Sixteen states are believed to have supplied weapons to Afghanistan from 2001 to 2020 with the US supplying 74 % of weapons, followed by Russia. Much of this equipment was left behind by the US military and is being used to inflate Taliban’s arsenal. WILPF is calling for better oversight on arms movement, for compensating affected Afghan people and for an end to all militarised systems.

Militarised masculinity

Mobilising men and boys around feminist peace has been one way of deconstructing and redefining masculinities. WILPF shares a feminist analysis on the links between militarism, masculinities, peace and security. We explore opportunities for strengthening activists’ action to build equal partnerships among women and men for gender equality.
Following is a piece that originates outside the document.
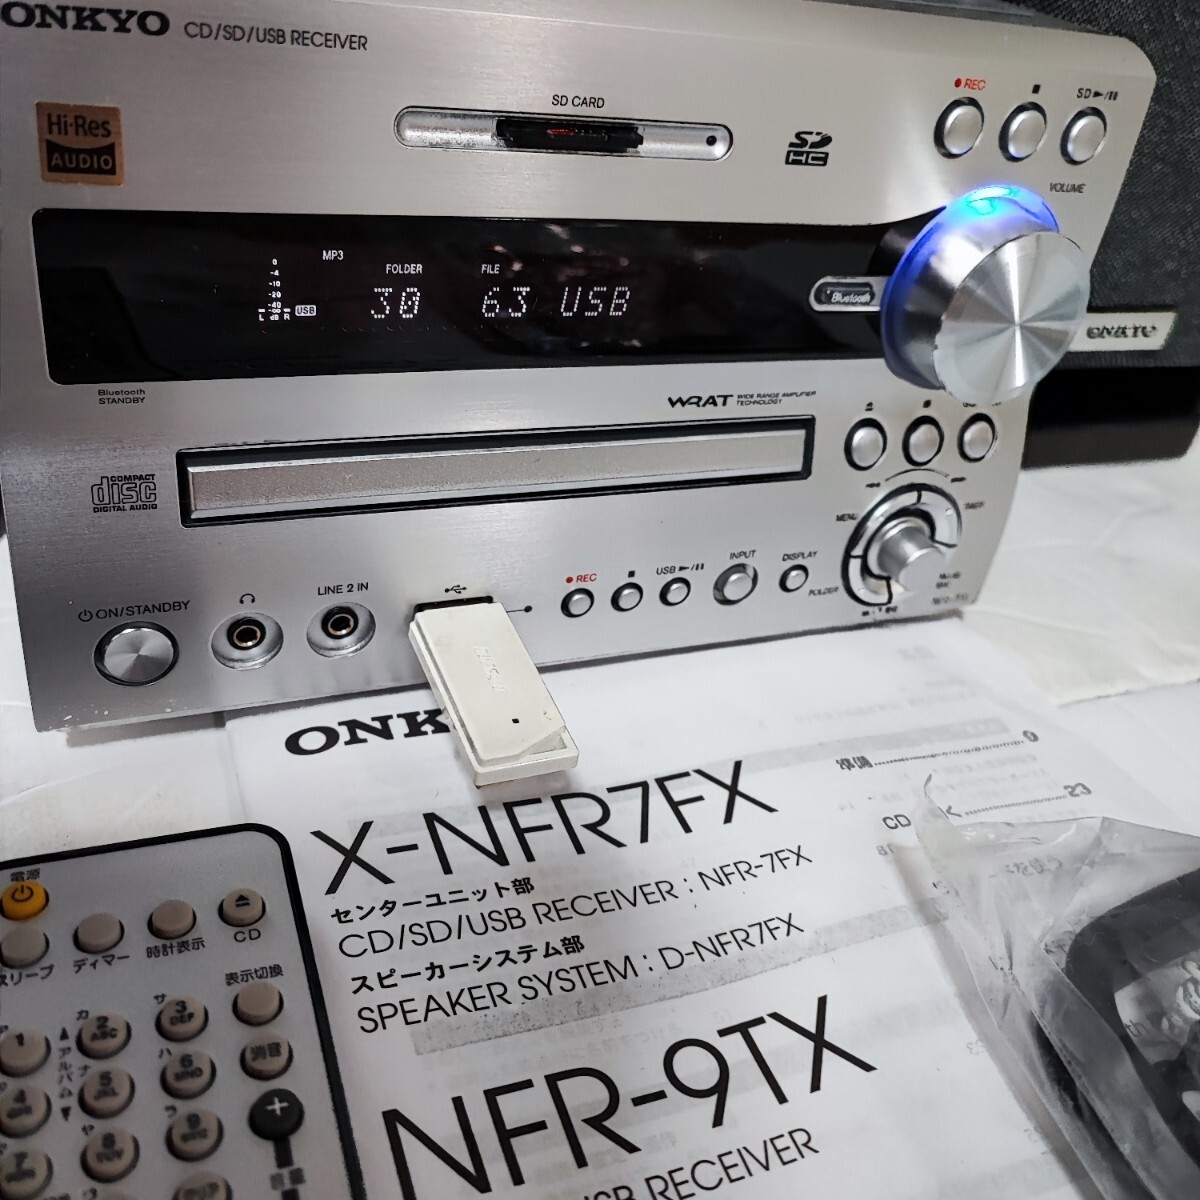 〓新品に近い〓　ONKYO X-NFR7FX(D) CD/SD/USBレシーバーシステム、ハイレゾ対応、2019年製の超美品商品★元箱入り_画像6

WILPF has been working on challenging the prevailing notion of masculinity based on men’s physical and social superiority to, and dominance of, women in Afghanistan. It recognizes that these notions are not representative of all Afghan men, contrary to the publicly prevailing notion.

Feminist peace​

In WILPF’s view, any process towards establishing peace that has not been partly designed by women remains deficient. Beyond bringing perspectives that encapsulate the views of half of the society and unlike the men only designed processes, women’s true and meaningful participation allows the situation to improve.

In Afghanistan, WILPF has been demanding that women occupy the front seats at the negotiating tables. The experience of the past 20 has shown that women’s presence produces more sustainable solutions when they are empowered and enabled to play a role.